Storytelling & being heard: Indigenous Poet Billie the Kid discusses storytelling through spoken word poetry

Billie the Kid discusses her craft

Billie the Kid is a spoken word poet. 
Supplied by Billie Kearns
Billie Kearns, Sci ’19, commonly known as Billie the Kid, is a K’ai Taile Dené and Nehiyaw spoken word poet and storyteller.

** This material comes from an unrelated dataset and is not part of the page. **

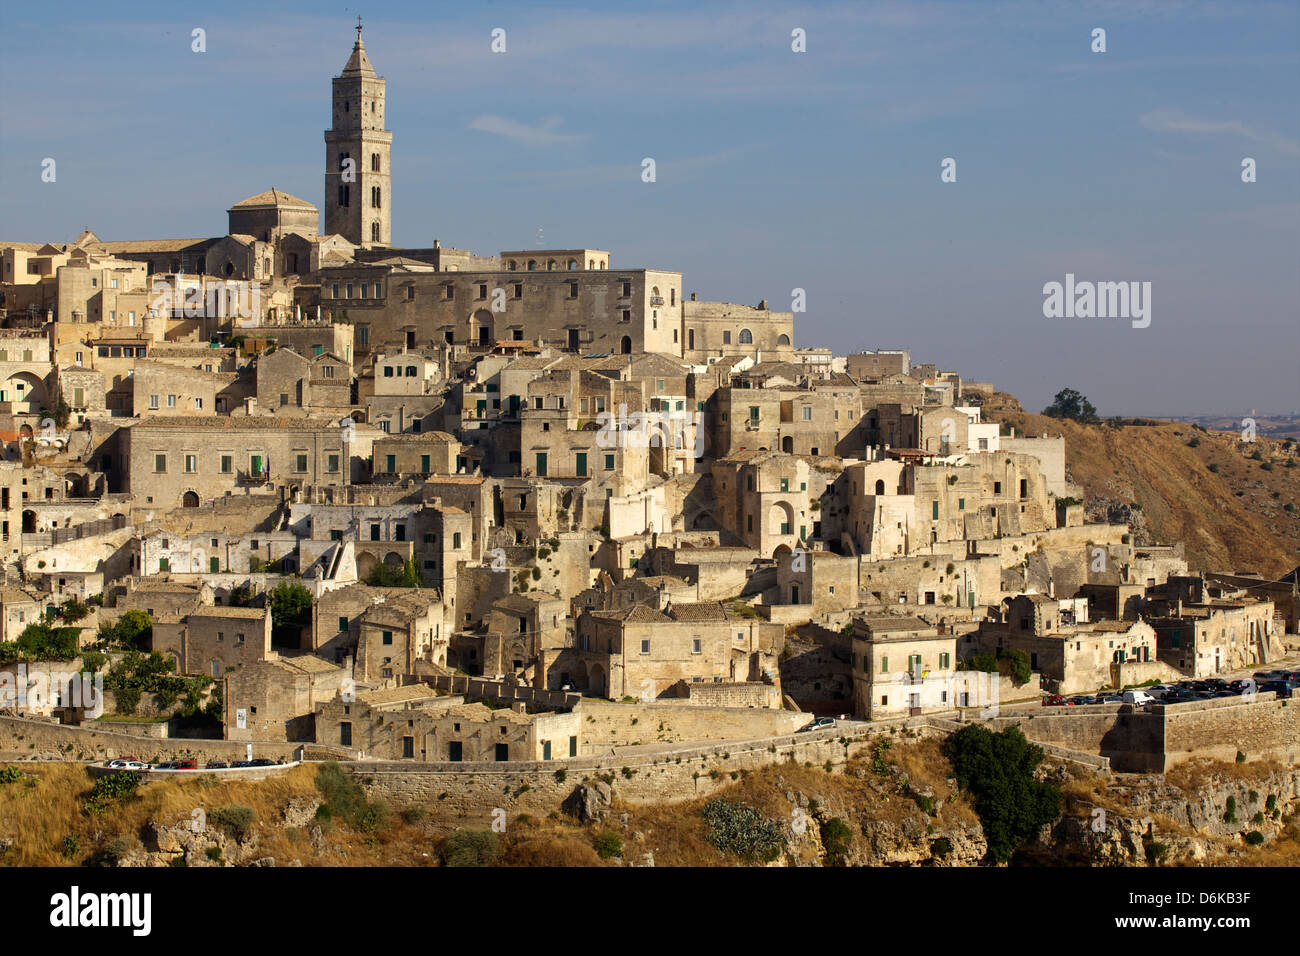 View of the Duomo and the Sassi of Matera, from the cliffside, Matera, Basilicata, Italy, Europe Stock Photo

Kearns began writing spoken word poetry in Grade 10 while attending high school in Ottawa. She was inspired by a week-long workshop in her literary arts class taught by Canadian poet Ian Keteku. 
“Previously I’d heard about spoken word and thought: ‘I’m not sure if this is the type of poetry for me’ and then he came in and I was totally floored,” Kearns said.
“Before high school I was pretty quiet. But in high school I started coming out of my shell,” she added. “Once I actually started admiring spoken word as an artform, when I started performing, I was like ‘oh I get to be on stage and say exactly what I want to say exactly how I want to say it.’”
What Kearns values most about performing her poems is “being able to inhabit a different part of myself because who I am on stage is different from who I am hanging out with my friends.”
But for her, storytelling is more than a means of self-expression. “Storytelling is a duty and a way of passing things on and letting stories live,” she said. 
Kearns talked about how storytelling and spoken word poetry helped her learn more about her K’ai Taile Dené culture and form her identity.
“When I was younger, I used to write more about exploring that identity and that was a big part of me processing that,” she said. “More recently, [I’m] exploring the ways that spoken word and slam feel connected to Dené traditions and traditional Dené storytelling.”
When she started writing poetry at 16, she said to herself: “everyone’s doing love poems, I’m not going to do a love poem.” For this reason, she chose not to perform any love poems for a long time. 
“I would always write whatever in my notebook, so sure, I wrote a love poem in my notebook but I’m not going to perform it. That’s a different thing,” she said. “You get to choose what stays in your notebook and what you talk about on stage.”
But during her four years at Queen’s, she matured as an artist and now feels more comfortable sharing private emotions in her work. 
“I don’t need that rule anymore,” she said. “Whatever story I feel compelled to write about is what I write about.”
According to Kearns, new experiences and emotions enrich her poems. In fourth year, Kearns took a creative writing seminar and was told to write either a love poem or an elegy. “The elegy wasn’t going well so I decided to do a love poem,” she said.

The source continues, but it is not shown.